And this is the Ultra version of the chip, that is out of reach for most people (it makes look at the 4090 as not that overpriced, which is quite funny). If you go down to the M2 Max version, suddenly the bandwidth is 400GB/s and not only it is not impressive at all, it is even worse than an Intel A770M laptop GPU (512GB/s) while still having less raw power and costing way more. The more you go down in the Apple Silicon roster, the worse it gets. AS is not competitive at the high-end workstation level but it is absurdly overpriced at almost every level.

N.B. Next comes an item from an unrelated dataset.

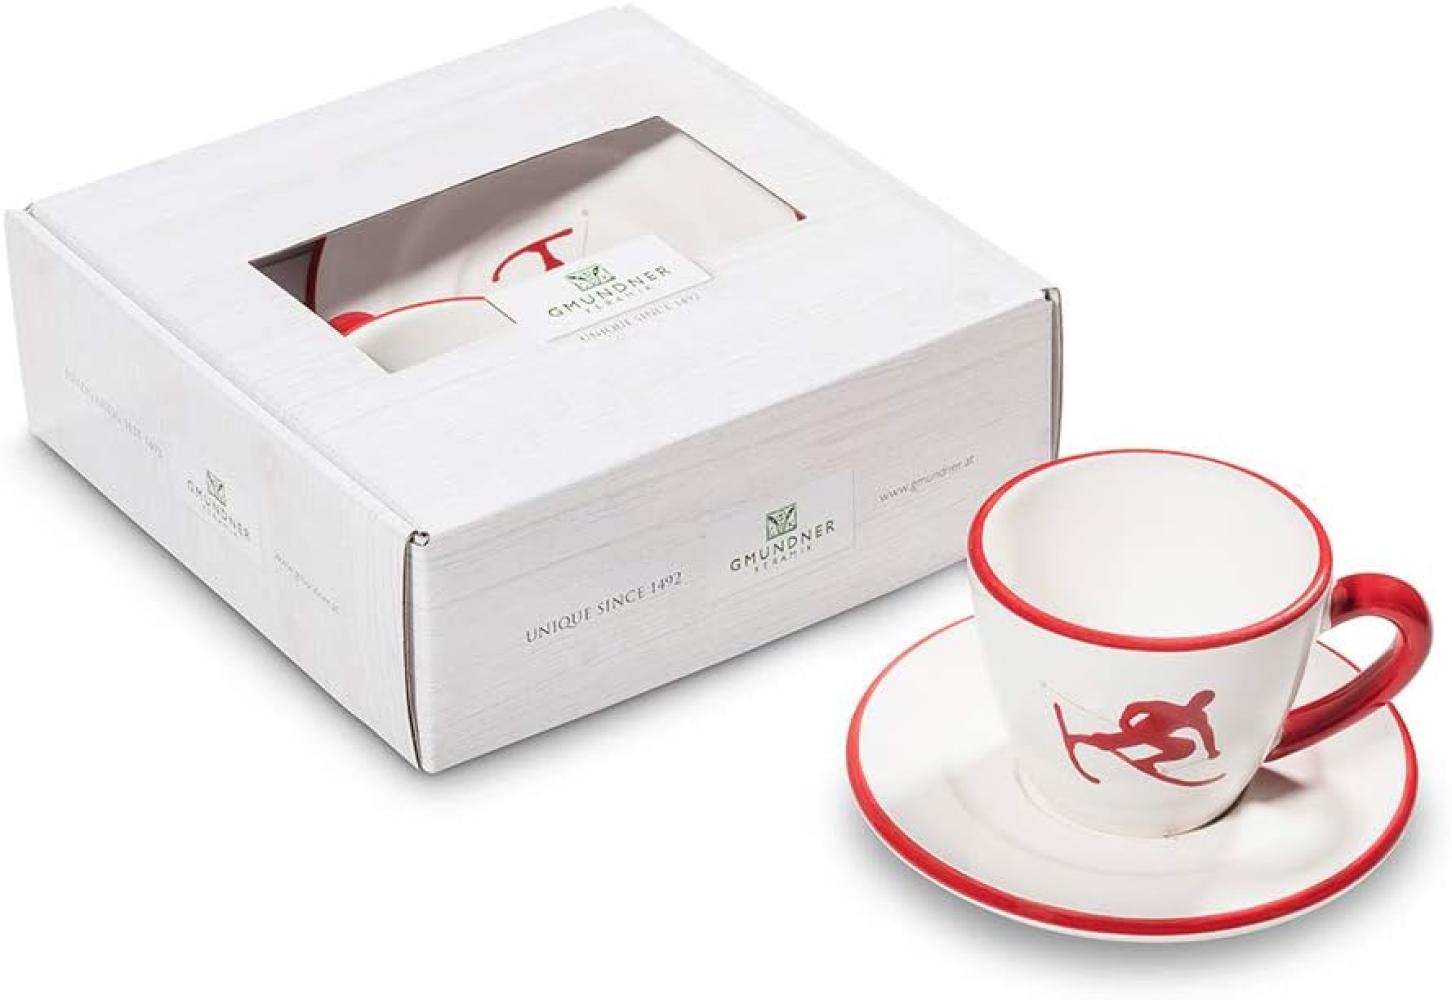 Rubinroter Toni, Espresso für Dich Gourmet - Gmundner Keramik Espressotasse - Mikrowelle geeignet, Spülmaschinenfest Bild 1

The reason they have this architecture (that isn't very good for most traditional computer application) isn't because they went out of their way to engineer something great. Nope. It is because they basically scaled up a mobile architecture that was like this from the get go (power and space constraint, plus no need to have that much RAM nor have it upgradeable). And this is only because Apple is currently run by a Scrooge who figured he could get even more money out their silicon division if they solds SKUs with binned parts and controlled the RAM supply/price.

If Apple had actually done useful engineering they would have figured out a way to scale the GPU/VRAM combo independently and a way to package/sell it efficiently. It makes no sense to scale VRAM past a certain point : why would you want to load a 3D model/view/whatever if you cannot compute it fast enough. As for the CPUs existing memory interfaces where fast enough for most things and the "benefit" is inexistent in most case. They went about it in the worse way possible with cost reduction above all approach while jacking up the price up to 11. This is the most lazy approach they could take and they even dumped all the unnecessary cost directly onto the consumer (low yield for big area chips and soldered RAM close to the chip from a lack a dedicated GPU SKUs). Even if the consumer want to absorb the cost he still get bad scaling and uncompetitive performance...

I just don't get how Apple get away with it and there are people like you falling for their marketing bullshit that is just a spin on what are actually weaknesses...

macwebcomputing

Interesting feedback but focus on cost is a old debate. Your feedback seems more about 3D than AI. A lot of developers also want a better user experience, reliability. My reply is that M1 and M2 are just the beginning as Apple is investing billion of dollars in R&D. Also, no PC laptops can do better than AS architecture today, at a lower cost than high-end PC laptops and more battery life. Pro servers is next step. M2 ultra is just a preview. Just saw two weeks ago, an engineer doing a demo of Llama 2 on a recent AMD laptop. he was complaining how slow it was compared to a Mac. Again, Apple is leading for laptops now, server is next. M3 will remove memory limitation.

leetharris

For applications that aren't latency sensitive my company has found that Apple hardware inference is far less expensive than the competition when calculating for electricity usage. I wish they would make a cloud offering.

whalesalad

Amazon has Apple servers for rent. There is also https://macminicolo.net and https://www.macminivault.com

nathancahill

I'm so happy MacMiniColo is still around. I had projects hosted there when they were just getting started. They've stayed true to their mission. I love that their website still feels like Wordpress 3.0.

hamandcheese

They aren't accepting new Mac minis for colocation. Which means if you want to go from, say, 8gb to 16gb of ram then that's an extra $90 a month for the privilege.

cyberge99

There’s also MacStadium.

detourdog

I have a fiber connection, the space and the experience to run a Mac mini colo. If people are really interested. I would want to do it as a co-operative that helps with the expense of the physical location.

ruph123

MacMiniColo and MacStadium merged afaik.

JCharante

Doesn’t macos require you to rent it out with a one month minimum? At that point just buy the hardware

undefined

[deleted]

garciasn

We went with a M2 Studio with maxed out RAM because we simply cannot get reliable GPU availability with cloud providers and for $6000 (with tax) we can have the equivalent VRAM of ~2 80GB GPUs instead of paying $5/hr for the pleasure.

ttt3ts

With a 70B param model how many tokens/second?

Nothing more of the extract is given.